Imaging means for imaging a subject;
An optical device detachably attached to the imaging means and provided with a diaphragm mechanism;
Automatic exposure means for automatically adjusting the exposure based on an arbitrary program diagram for the subject imaged by the imaging means;
Diagram position information calculating means for calculating at which position in the program diagram the current exposure setting value set by the automatic exposure means;
A photographic apparatus comprising:
An open aperture value detection means for detecting an open aperture value of the aperture mechanism from the optical device;
Display means for displaying the diagram position information calculated by the diagram position information calculation means;
When the open aperture value can be detected by the open aperture value detection means, the diagram position information display means performs a diagram position display indicating a reliable value,
When the open aperture value cannot be obtained by the open aperture value detecting unit, the diagram position information display unit displays a diagram position indicating that the value is not reliable. .   In addition to the aperture mechanism, the optical device provided with a variable power lens mechanism, a focal length state detecting means for detecting that the focal length of the optical device has changed due to the operation of the variable power lens mechanism, and the focal length state The diagram position display indicating that the value is an unreliable value is performed by the diagram position information display unit when the detection unit detects that the focal length of the optical device has changed.
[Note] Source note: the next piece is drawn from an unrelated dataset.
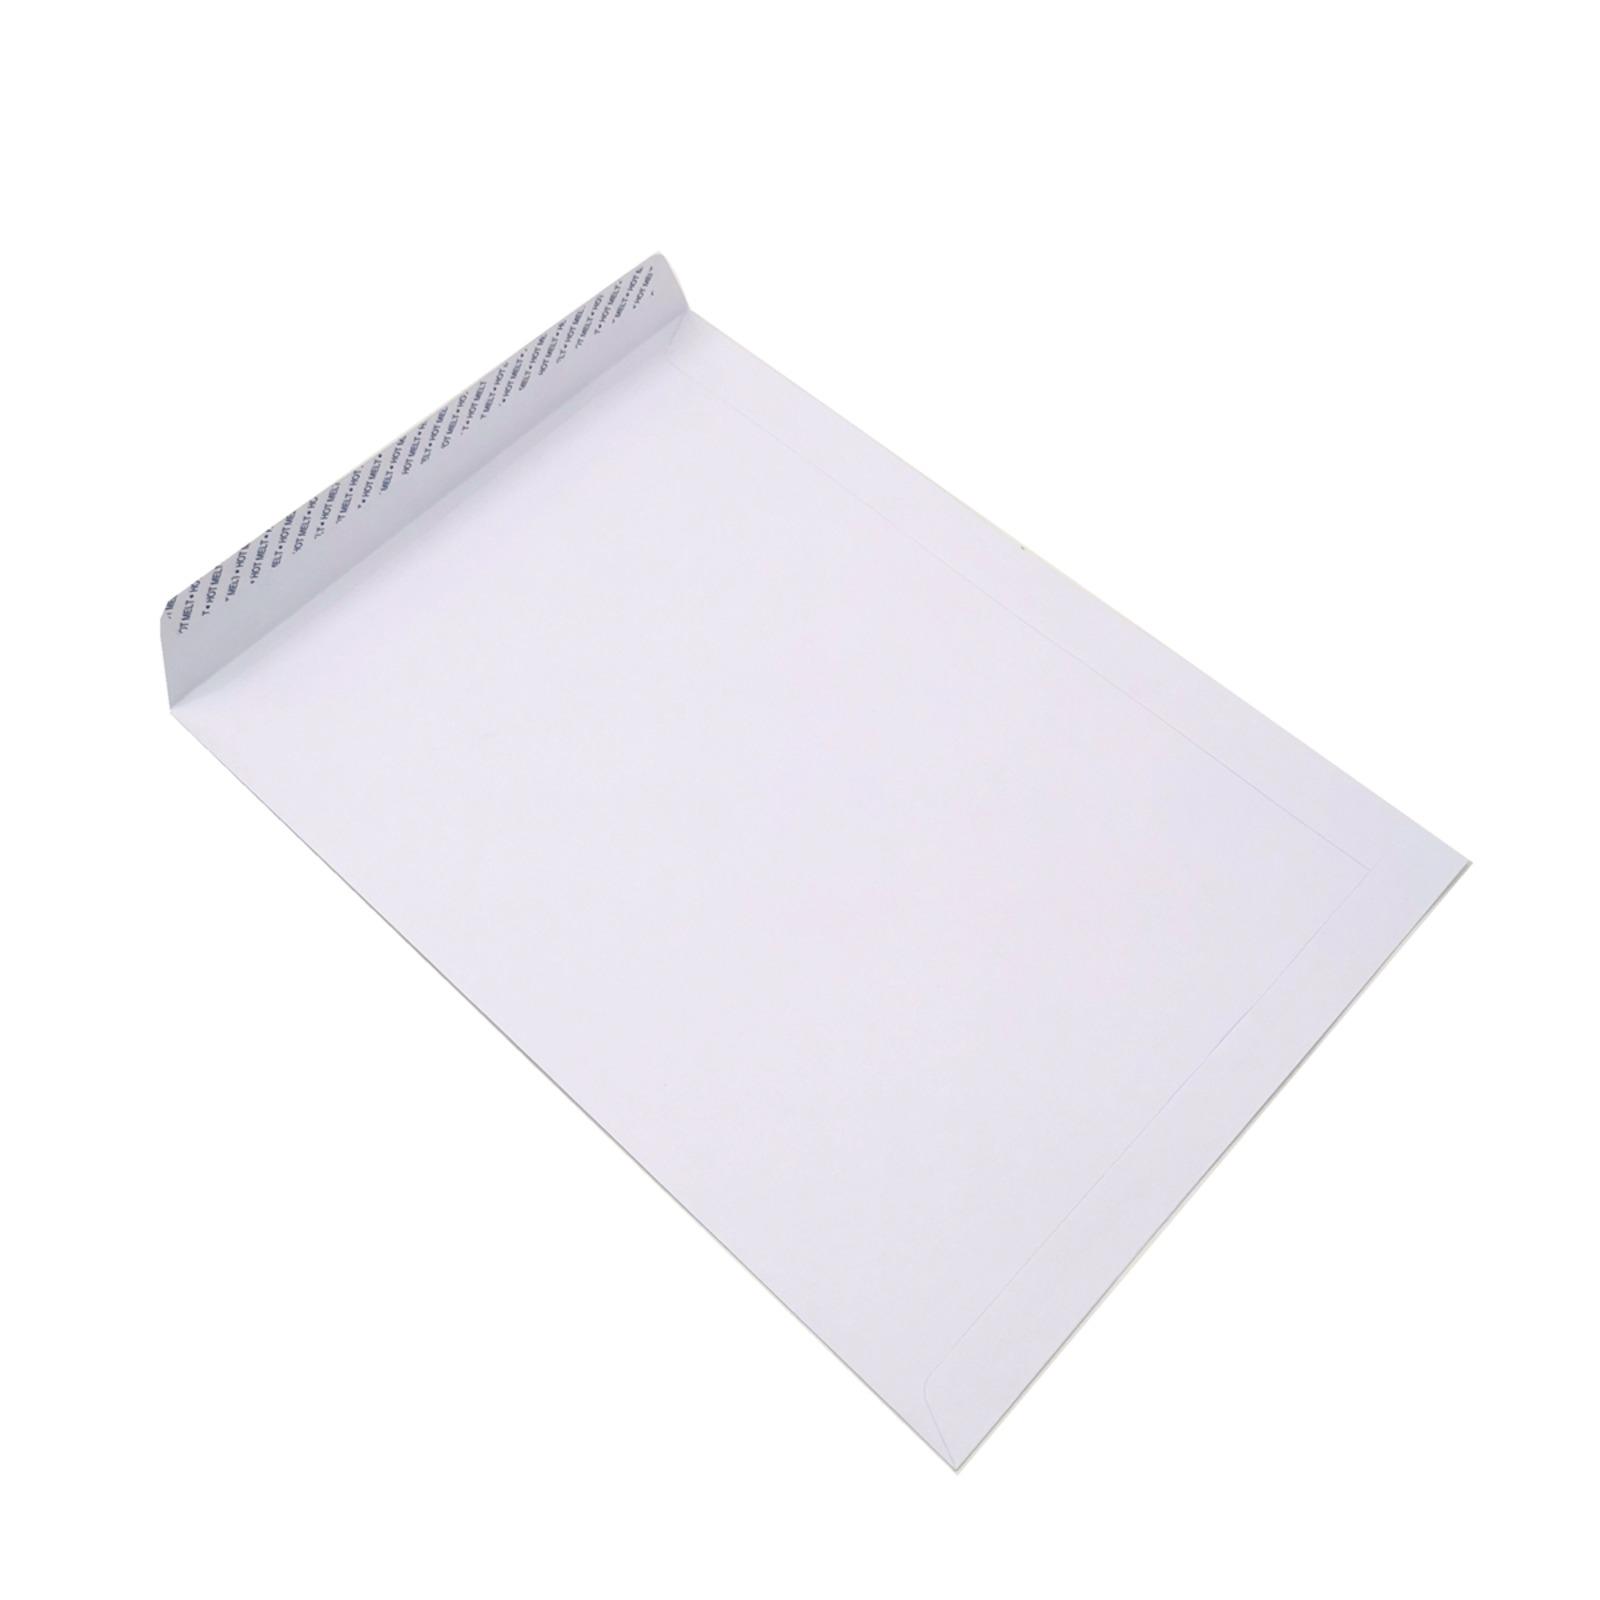 VIP A4 Size White Envelope
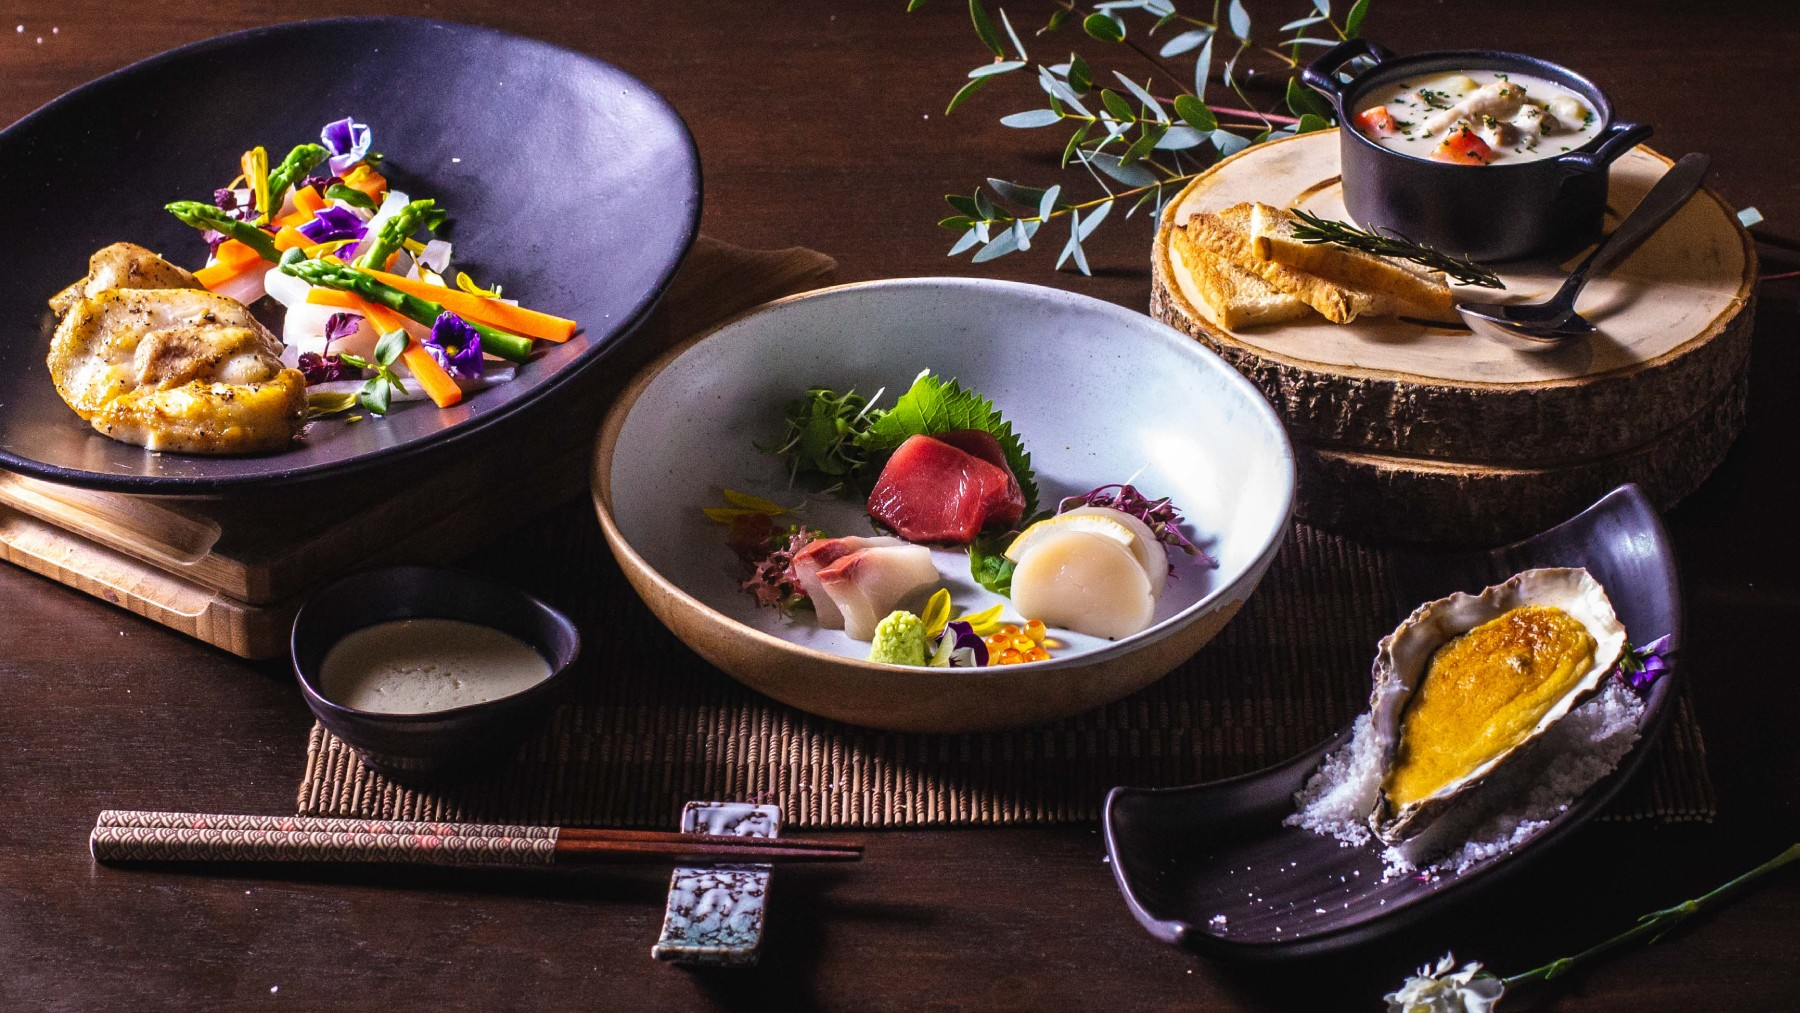 พบกับชุดอาหารญี่ปุ่นมื้อค่ำเพื่อต้อนรับเข้าสู่ฤดูหนาวในกรุงเทพฯ ได้ที่ร้านอาหารเท็นชิโนะ โรงแรมพูลแมน คิง เพาเวอร์ กรุงเทพ 2 -

The imaging apparatus according to 1.   When the open aperture value cannot be obtained by the open aperture value detection unit, the diagram position information calculation unit calculates the diagram position information with the current aperture position as the open end, and the diagram position information display unit The imaging apparatus according to claim 1 or 2, wherein a diagram position display indicating a value having no reliability is performed.   An effective aperture acquisition means for acquiring an effective aperture of the optical device from the optical device; an open aperture value is not obtained by the open aperture value detection means; a focal length of the optical device is obtained by the focal length state detection means; When the information changes, an open aperture value is calculated based on the amount of change in the focal length and the effective aperture, and the diagram position display is performed based on the calculated open aperture value. Item 3. The imaging device according to Item 2.   The imaging apparatus according to claim 2, wherein the zoom lens mechanism is a zoom lens.   The imaging apparatus according to claim 2, wherein the zoom lens mechanism is an extender.